- Opening Delimiter -
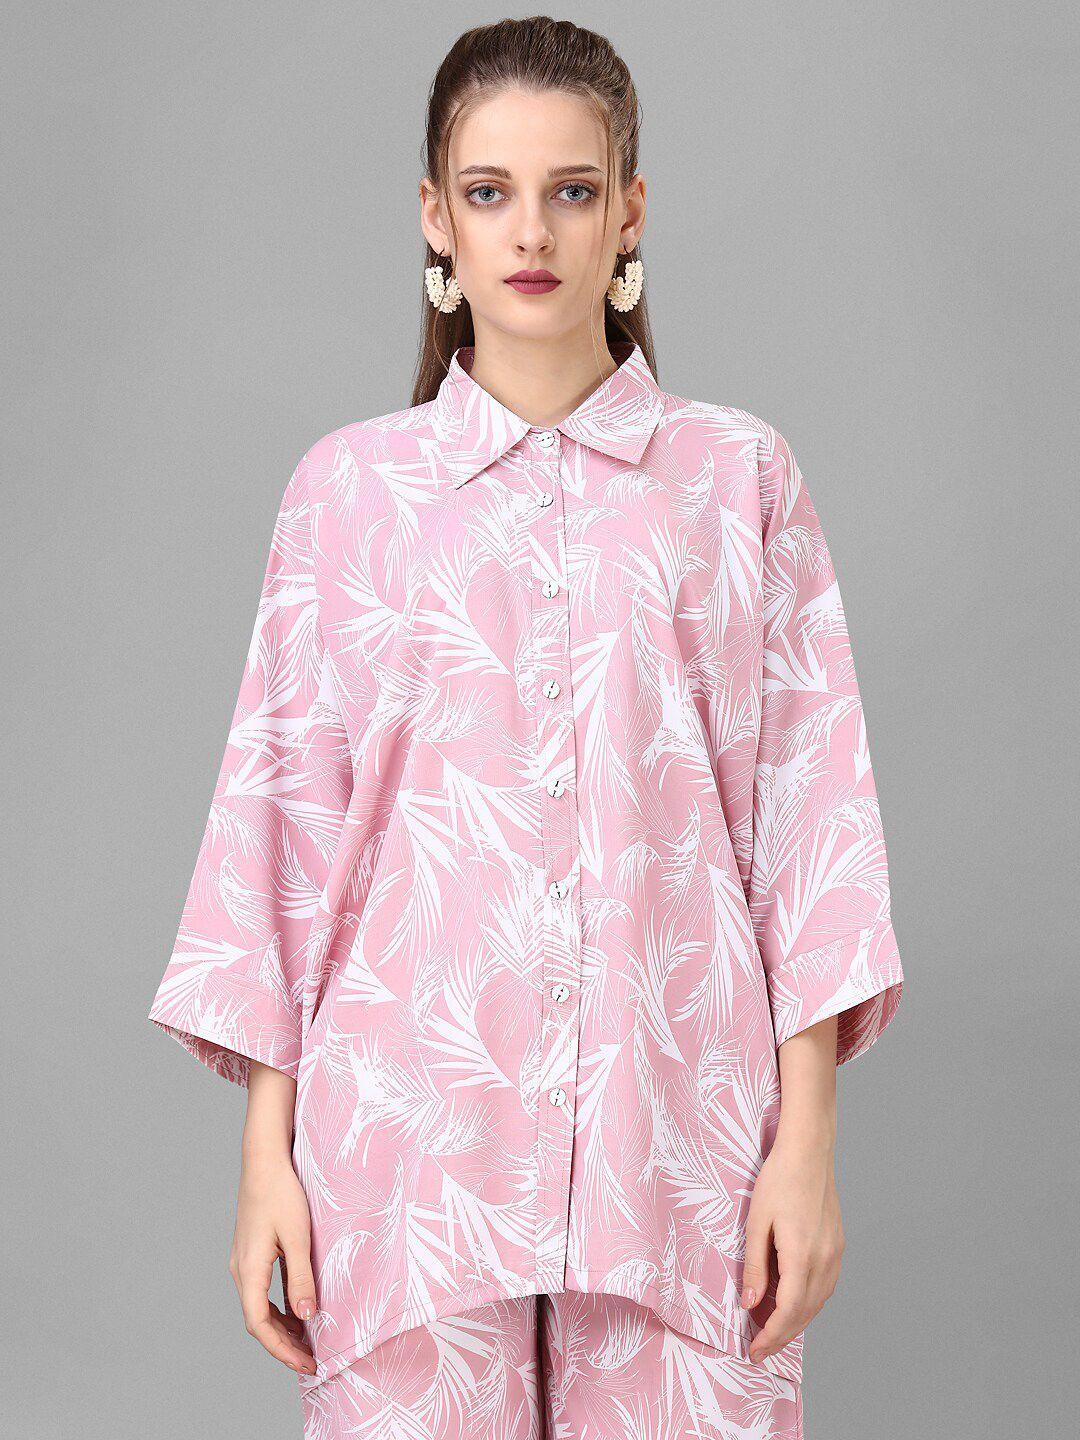 house of mira printed shirt with trousers co-ords
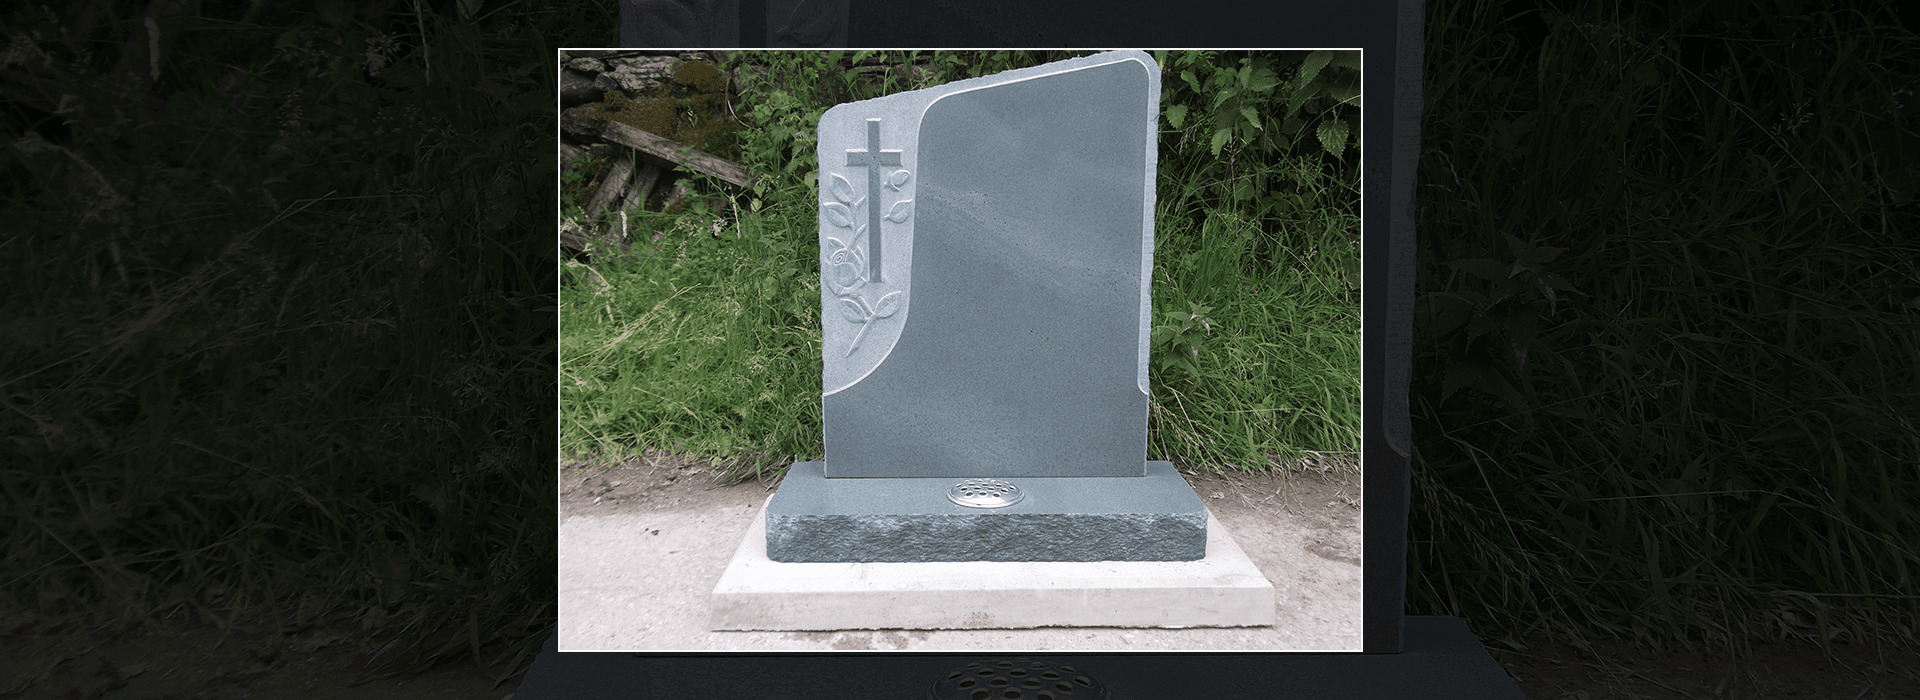 Lakeland green headstone with embossed cross and roses
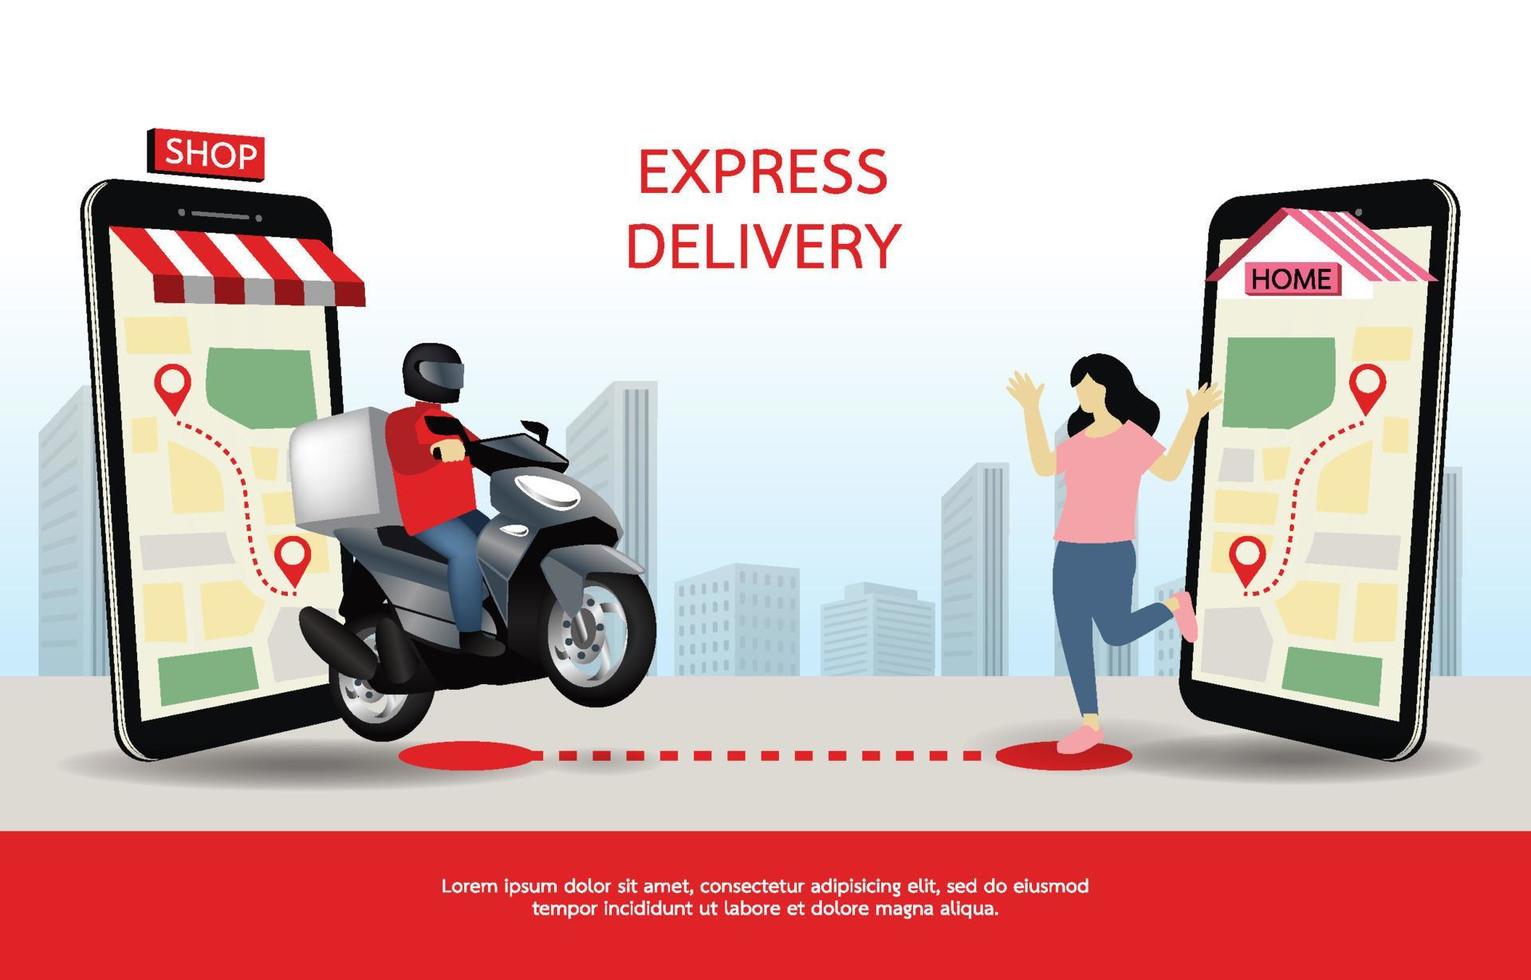 Happy woman waiting to receive the package from the delivery man. Mobile phone showing parcel status and location. Fast motorbike driver to deliver on time. Design for banner, illustration, website. vector
- Closing Delimiter -
▸ **ACTIVITY**: The answer should consist of every line above, exact and free of images.

▸ **FINISHED TASK**:
 house of mira printed shirt with trousers co-ords
 Lakeland green headstone with embossed cross and roses
 Happy woman waiting to receive the package from the delivery man. Mobile phone showing parcel status and location. Fast motorbike driver to deliver on time. Design for banner, illustration, website. vector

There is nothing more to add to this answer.